Abstract
The priority faced by energy systems in road transport is to develop and implement clean technologies. These actions are expected to reduce emissions and slow down climate changes. An alternative in this case may be the use of biodiesel produced from microalgae. However, its production and use need to be justified economically and technologically. The main objective of this study was to determine the emissions from an engine powered by biodiesel produced from the bio-oil of Chlorella protothecoides cultured with different methods, i.e., using a pure chemical medium (BD-ABM) and a medium based on the effluents from an anaerobic reactor (BD-AAR). The results obtained were compared to the emissions from engines powered by conventional biodiesel from rapeseed oil (BD-R) and diesel from crude oil (D-CO). The use of effluents as a medium in Chlorella protothecoides culture had no significant effect on the properties of bio-oil nor the composition of FAME. In both cases, octadecatrienoic acid proved to be the major FAME (50% wt/wt), followed by oleic acid (ca. 22%) and octadecadienoic acid (over 15%). The effluents from UASB were found to significantly reduce the biomass growth rate and lipid content of the biomass. The CO2 emissions were comparable for all fuels tested and increased linearly along with an increasing engine load. The use of microalgae biodiesel resulted in a significantly lower CO emission compared to the rapeseed biofuel and contributed to lower NOx emission. Regardless of engine load tested, the HC emission was the highest in the engine powered by diesel. At low engine loads, it was significantly lower when the engine was powered by microalgae biodiesel than by rapeseed biodiesel.
Highlights
The emission of exhaust gases from various sources of fossil fuels poses one of the main threats to the environment; its reduction is a serious challenge for fuel producers and engine manufacturers [1,2]
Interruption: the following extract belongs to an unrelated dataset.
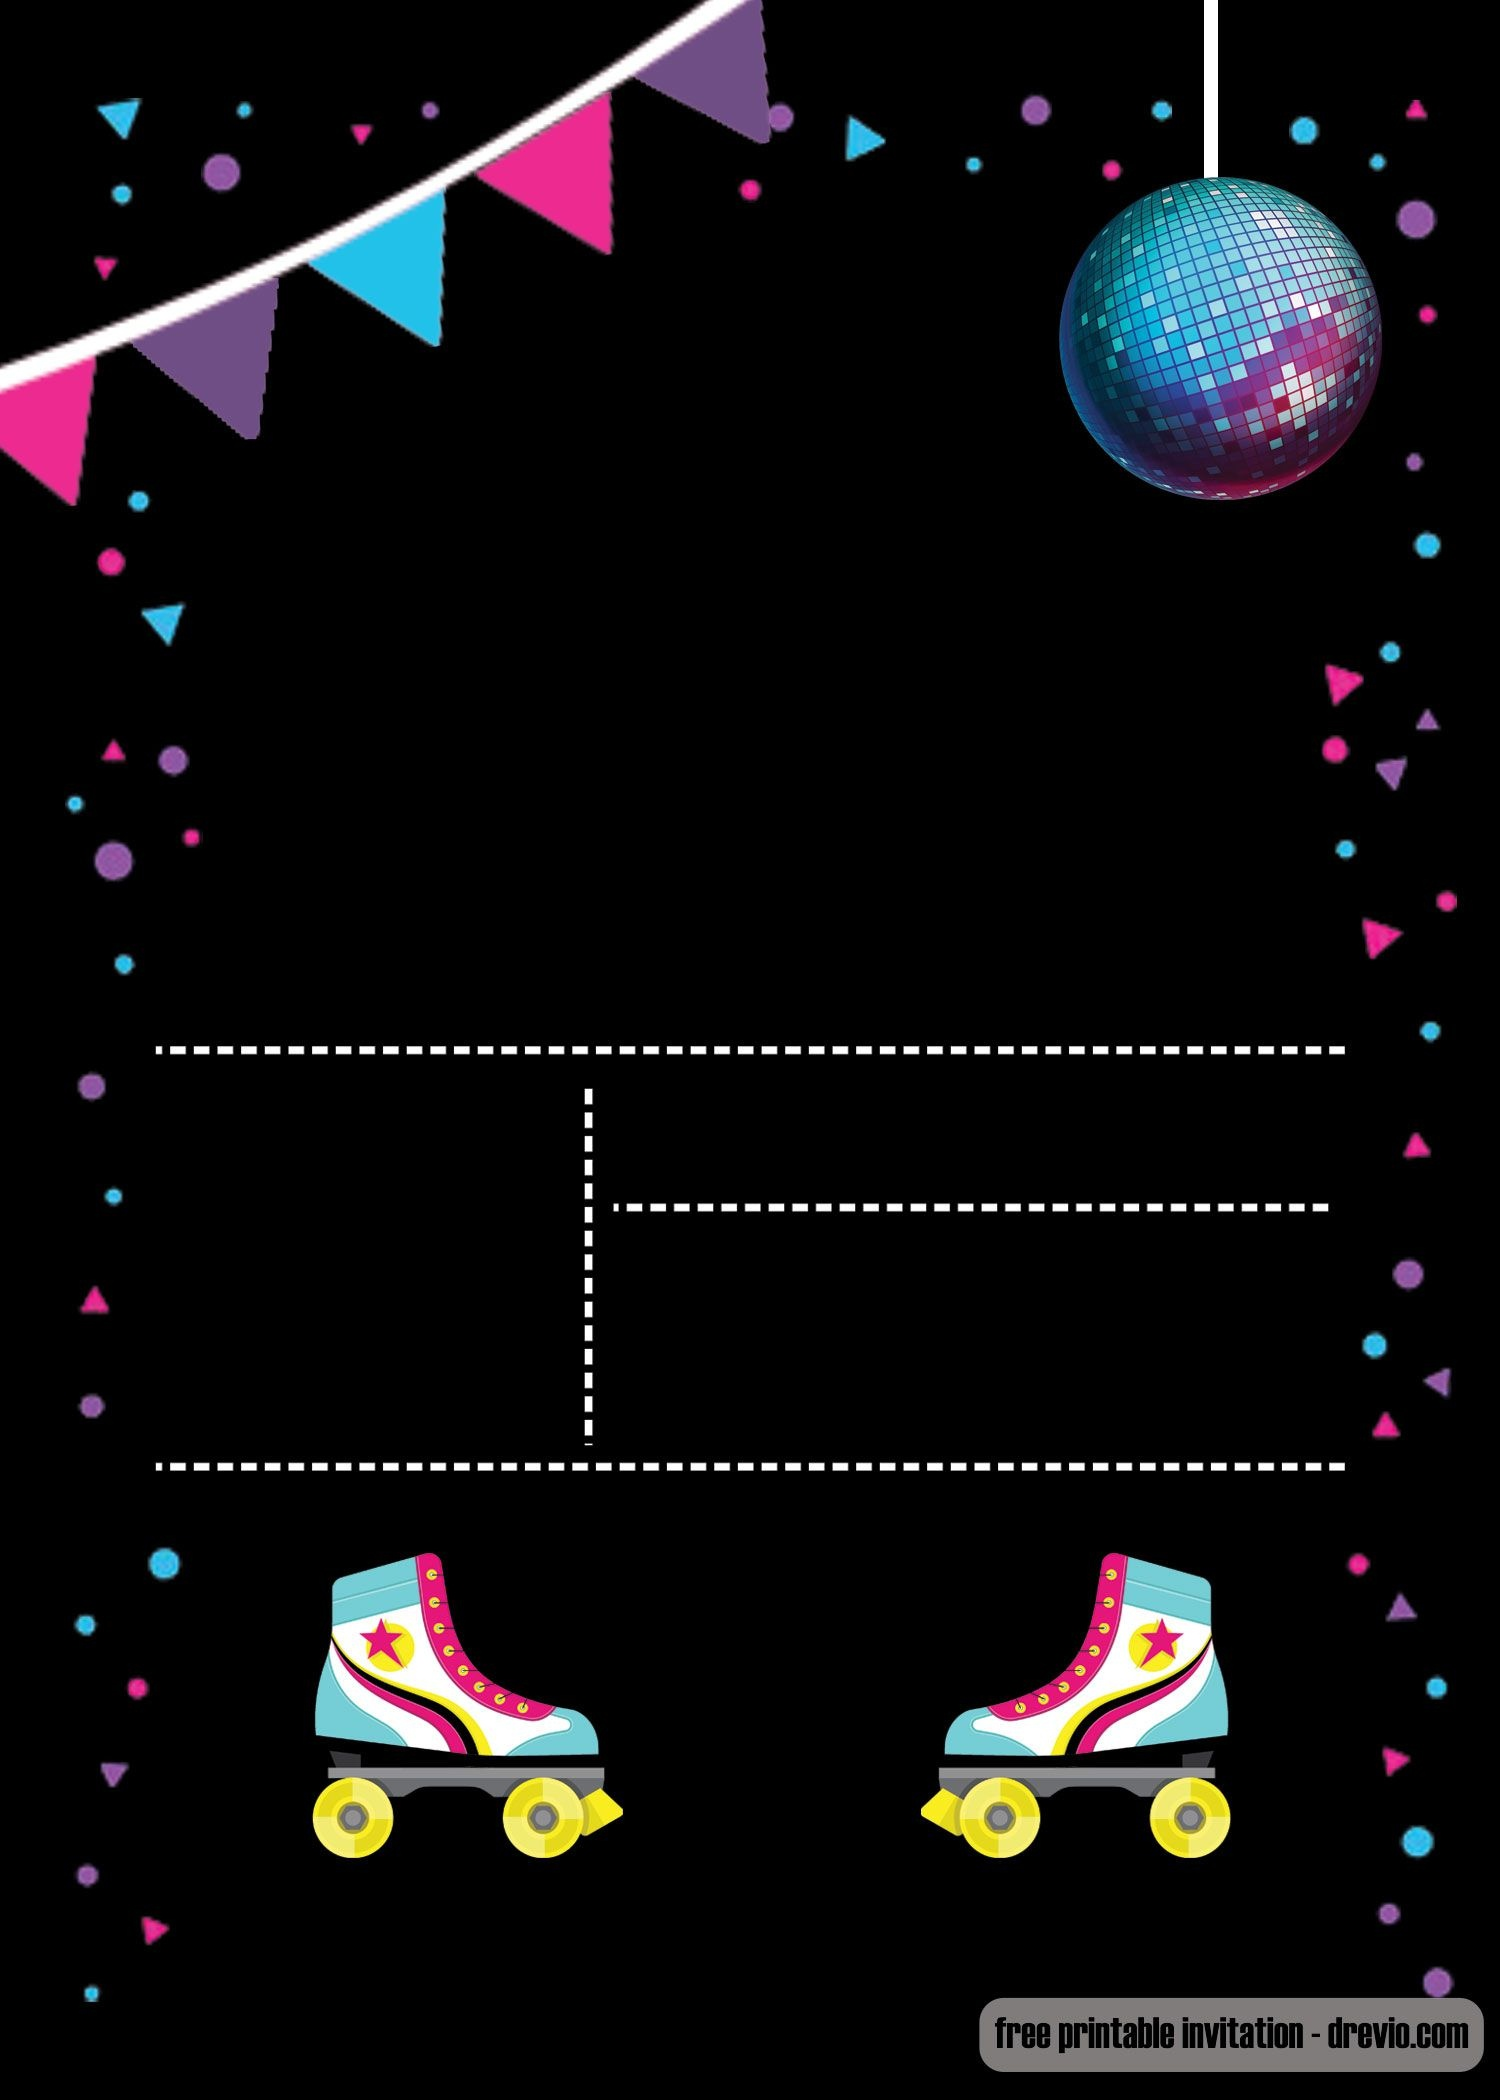 Free Printable Roller Skating Invitation   Invites   Birthday - Free Printable Skating Invitations

Stage 1 (D-CO) was performed with commercial diesel oil, stage 2 (BD-R) with biodiesel produced from rapeseed oil, stage 3 (BD-ABM) with biodiesel produced from the biomass of Chlorella protothecoides microalgae cultured using a medium based on pure chemical reagents, and stage 4 (BD-AAR) with biodiesel produced from the biomass of Chlorella protothecoides cultured using a medium based on effluents from an anaerobic reactor treating dairy wastewater
Biomass samples dried at 105 ◦ C were determined for contents of total carbon (TC), total organic carbon (TOC), and total nitrogen (Ntot )
Summary
The emission of exhaust gases from various sources of fossil fuels poses one of the main threats to the environment; its reduction is a serious challenge for fuel producers and engine manufacturers [1,2]. Microalgae have been shown to be the most efficient, prospective, and environmentally friendly source of biomass and bio-oil, which can reduce greenhouse gas emissions to the atmosphere [9]. They can compete with typical, terrestrial higher plants, such as rapeseed, soybean, or oil palm, in terms of the efficiency of biocomponent production [10,11], as they exhibit a very high photosynthetic efficiency, fast biomass growth, and resistance to various types of pollutants [12]. They can be cultured on managed lands unsuitable for agricultural purposes [13]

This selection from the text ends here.